Pertanyaan kontemplatis barangkali perlu kita ajukan kepada Sitor setelah kita tahu betapa ‘jauhnya’ ia dari tuhan, yakni: Siapakah Kristus itu baginya dalam “Kristus di Medan Perang”: sorga bagi Sitor itu apa, saat ia menuliskannya dalam “Gerejanya”. Atau, pengakuan ‘jika aku ada di sini, hanyalah aku sendiri’ layak diamini seperti ia tulis di akhir sajak “Ziarah dalam Gereja Gunung”, amin (=kiranya Tuhan mengabulkan) merujuk pada Tuhan yang mana? Tuhan toh tidak ada bagin Sitor? Lantas, Yesus itu siapa, kalu ia menulis dalam “Sumpah Galileo”? Allah yang ditulis dalam “Keridaan” pun masih terlalu pagi untuk dirujuk sebagai tuhan Sitor. Rentetan pertanyaan itu masih bisa kita perpanjang lagi kalau mencermati sajak-sajaknya.

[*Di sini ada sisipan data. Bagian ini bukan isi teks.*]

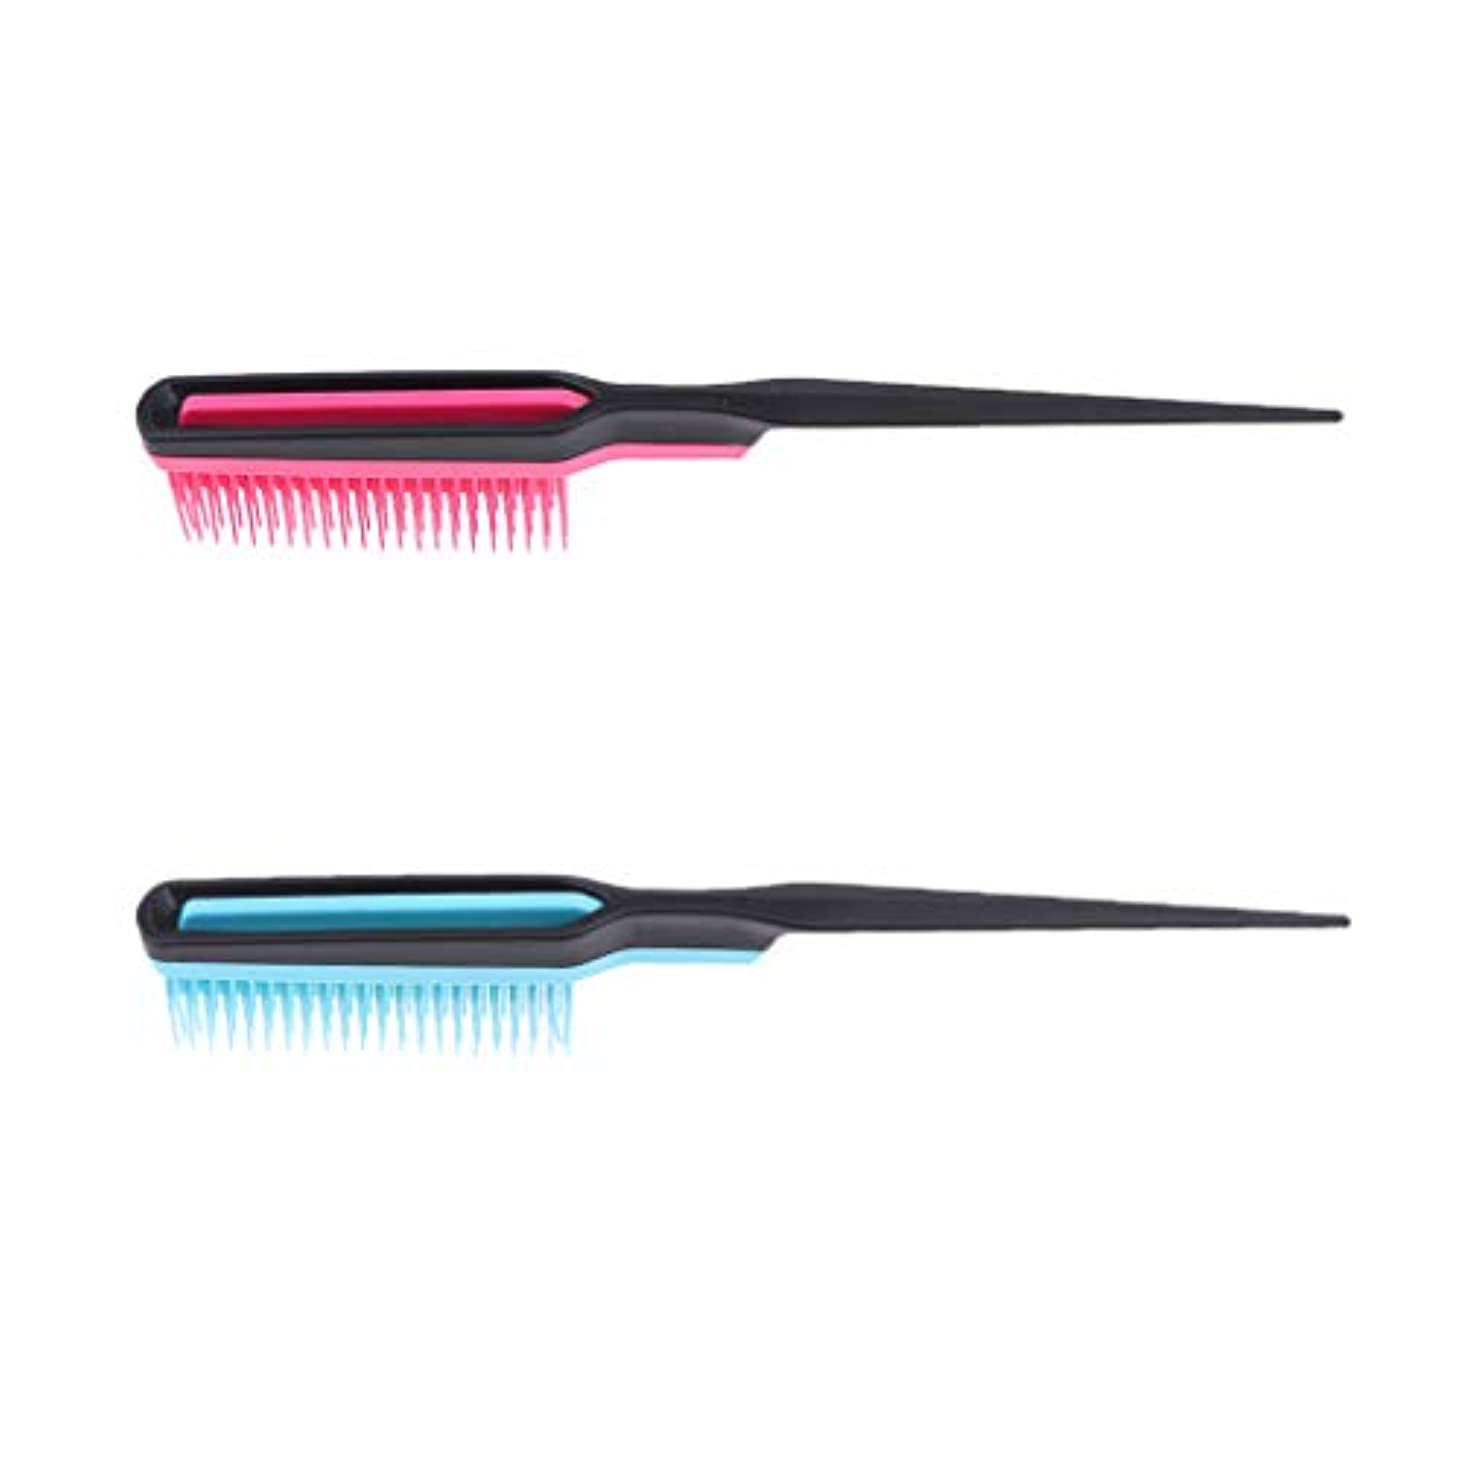 シルエット負荷節約2個 ふわふわ 櫛 ナチュラル ヘアブラシ ヘアスタイリスト 理髪

Namun, agaknya tak terlalu berlebihan kalau mengatakan bahwa setidak ada-tidak adanya tuhan Sitor, bukan berarti Sitor tidak butuh dan percaya akan eksistensi Pribadi yang Supranatural itu. Terutama manakala ia menyadari betapa sepinya hidup tanpa tuhan. Lihat, dalam “Potret Maria Magdalena” toh ia juga memerlukan mujizat agar ‘Guru membuat anggur dari air/orang mati bangkit hidup’.

Tuhan Sitor Itu …

Tuhan Sitor itu barangkali bisa siapa saja, apa saja, asal Ia (dengan I besar) adalah figur supranatural (yaitu yang mampu bermujizat); yang tetap hadir dalam romantisme tepian Danau Toba, dinamika penduduknya, ibu yang membawa oleh-oleh kue, dan saat ikan emas bercengkerama. Dan, harus dalam kenangan dunia kanak-kanaknya Sitor seperti ternyata dalam “Danau Toba”. Kalau toh yang supranatural itu sepertinya Yesus Kristus (Tuhan orang Kristen) semata-mata karena Ia hadir dalam Injil yang kemudian ‘mendarat’ pada karya si – “Anak Hilang”, itupun bagi Sitor membaca Injil juga sebatas dalam kenangan. Artinya, secara tensis, sudah lampau. Tentu kita tak bisa berkesimpulan bahwa kini atau kelak tak bakal diulang Sitor.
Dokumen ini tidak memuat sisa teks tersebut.